Daniel Kokotajlo comments on ryan_greenblatt’s Shortform

Daniel Kokotajlo 26 Mar 2026 19:40 UTC
9 points
1
I disagree. Humans who do research projects well have usually had experience doing at least a few research projects of similar length before. Indeed when I was a grad student teaching philosophy courses, it seemed to me that part of the problem was that the college students I was teaching had only ever written short 3-paragraph-style essays before, and never done serious lengthy writing projects that required serious reading and thinking.

It’s true that humans need only a few examples of the thing to get decently good at it, but that’s just the generic human data-efficiency at work rather than specific to long-horizon tasks, I think.

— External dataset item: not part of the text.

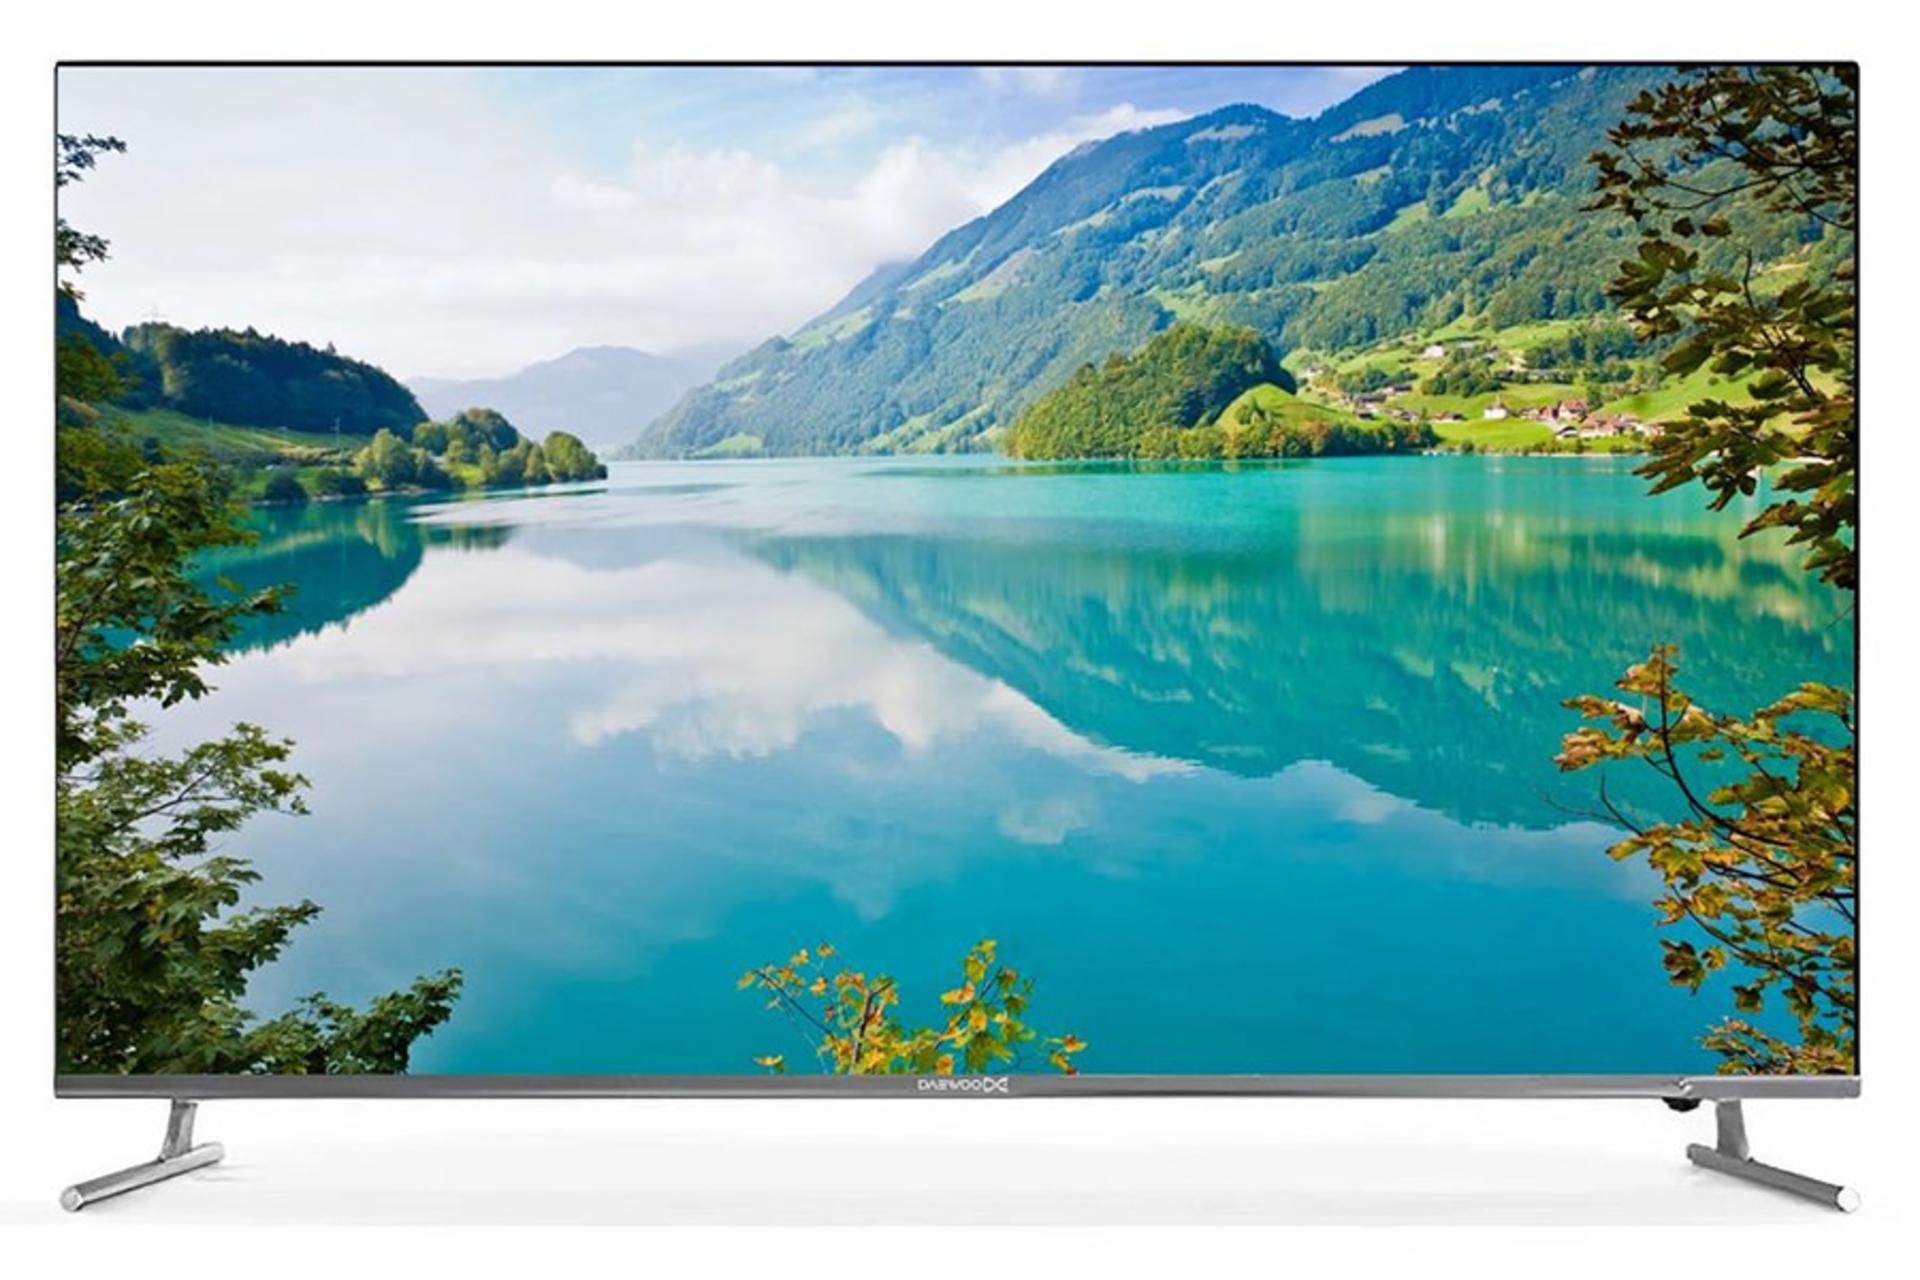 قیمت تلویزیون دوو S6600EUM مدل 50 اینچ + مشخصات

- ryan_greenblatt 26 Mar 2026 21:24 UTC
  3 points
  0
  Parent
  Sure, but the training data thing is sort of tied up with fluid intelligence? Like a method you have available as a human is learning on the task itself and AIs also have this option, but due to garbage sample efficiency it wouldn’t work.
  
  I also still think humans can often generalize to doing tasks of larger scope without prior experience by learning/adapting from this exact experience in a way that AIs don’t.
  - Vladimir_Nesov 26 Mar 2026 22:45 UTC
    7 points
    0
    Parent
    
    Like a method you have available as a human is learning on the task itself and AIs also have this option, but due to garbage sample efficiency it wouldn’t work.
    
    Sample efficiency for RLVR is plausibly good enough if relevant tasks and RL environments can be automatically formulated, which is currently out of reach but it’s unclear for how long it stays this way. And for in-context learning, sample efficiency could get higher if it worked well enough (as learned learning, it’s in principle not constrained by what hardcoded learning can do), it just doesn’t work well with pretraining.
  - Daniel Kokotajlo 26 Mar 2026 21:33 UTC
    6 points
    0
    Parent
    I think I was responding to an earlier version of your comment—now that it says “I half agree” then I think we are mostly on the same page. I also agree that long-horizon fluid intelligence / sample-efficient online learning seems to be a real thing that differs between humans and AIs.